To do:
A verbatim copy of the listing is what is needed, minus any pictures.

Provided data:
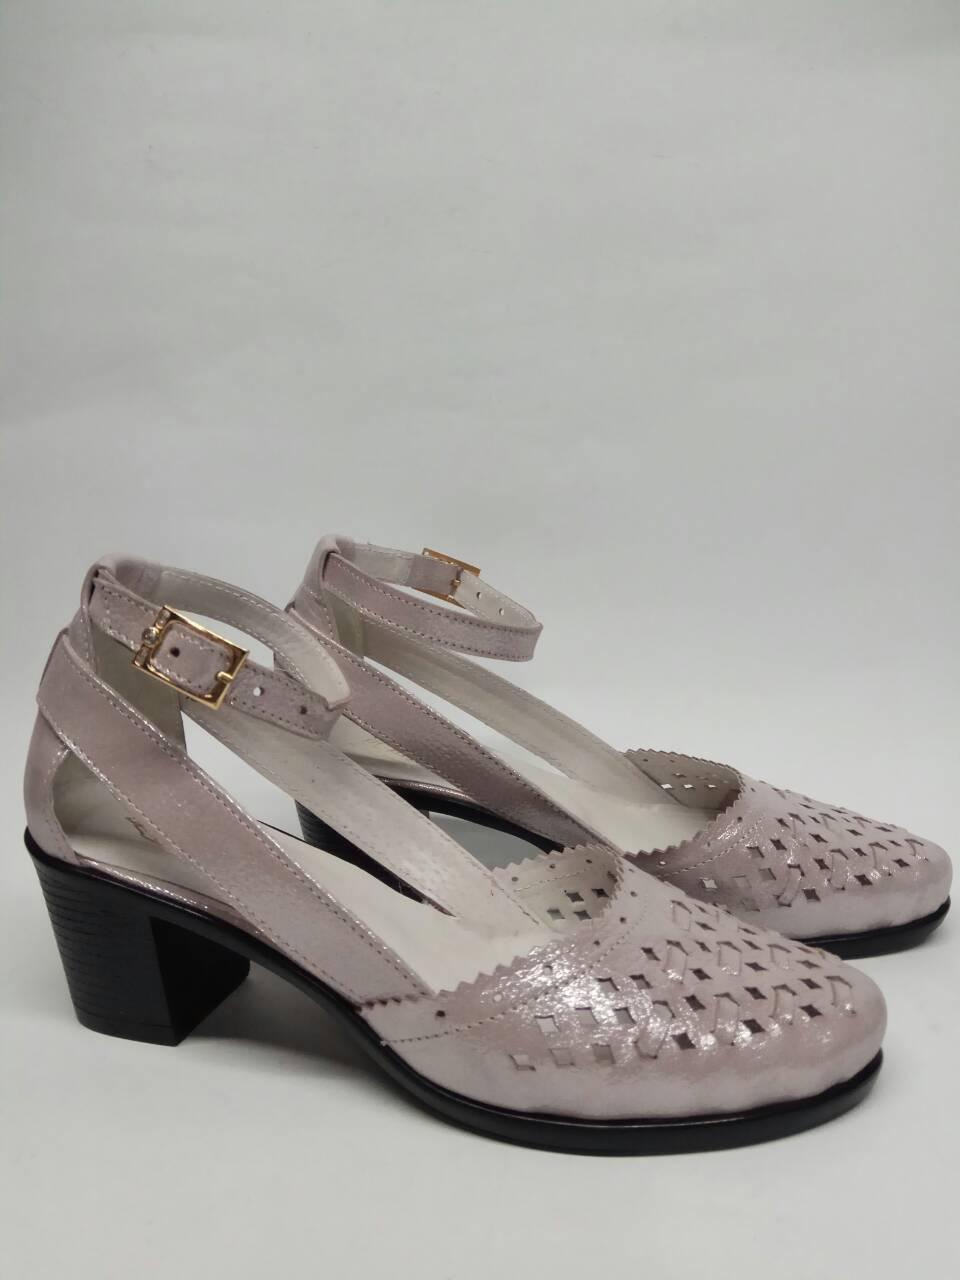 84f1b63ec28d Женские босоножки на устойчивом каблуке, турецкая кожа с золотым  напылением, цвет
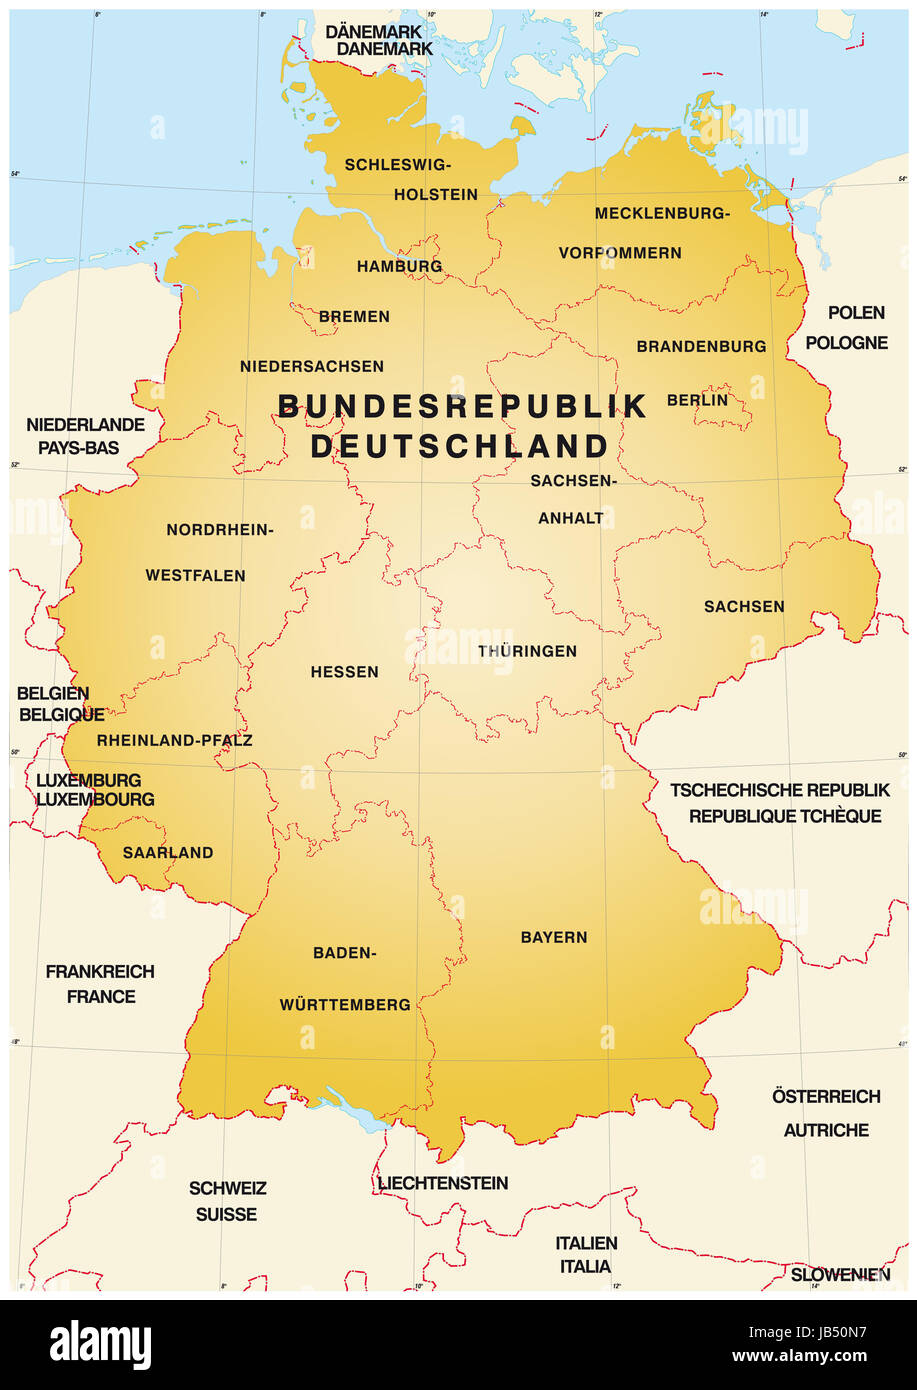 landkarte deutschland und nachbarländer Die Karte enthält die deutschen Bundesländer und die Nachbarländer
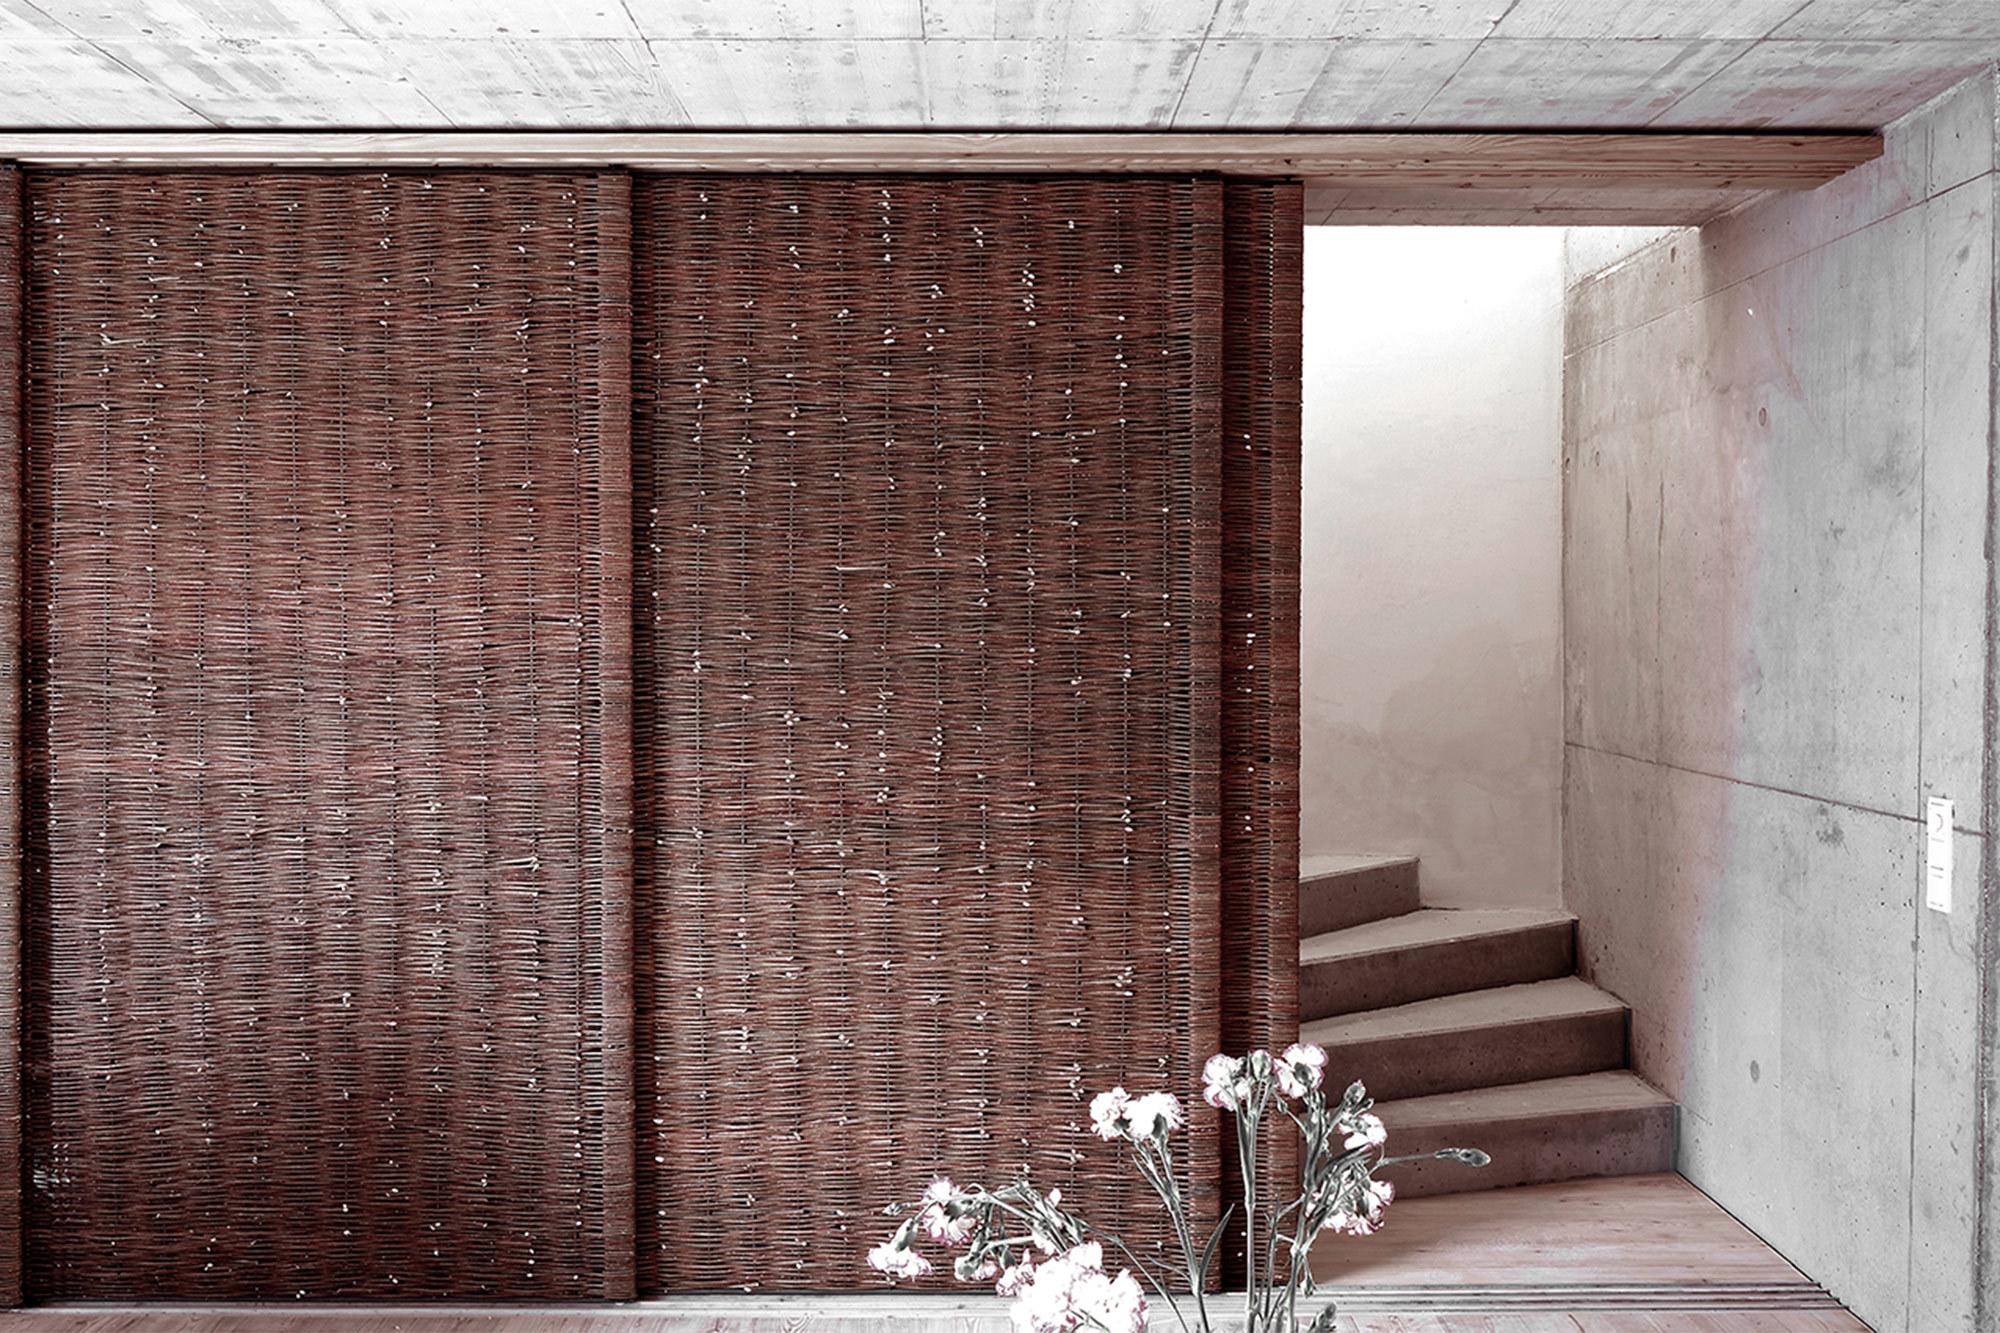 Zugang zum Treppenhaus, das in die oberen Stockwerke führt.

Solution below:
 84f1b63ec28d Женские босоножки на устойчивом каблуке, турецкая кожа с золотым  напылением, цвет
 landkarte deutschland und nachbarländer Die Karte enthält die deutschen Bundesländer und die Nachbarländer
 Zugang zum Treppenhaus, das in die oberen Stockwerke führt.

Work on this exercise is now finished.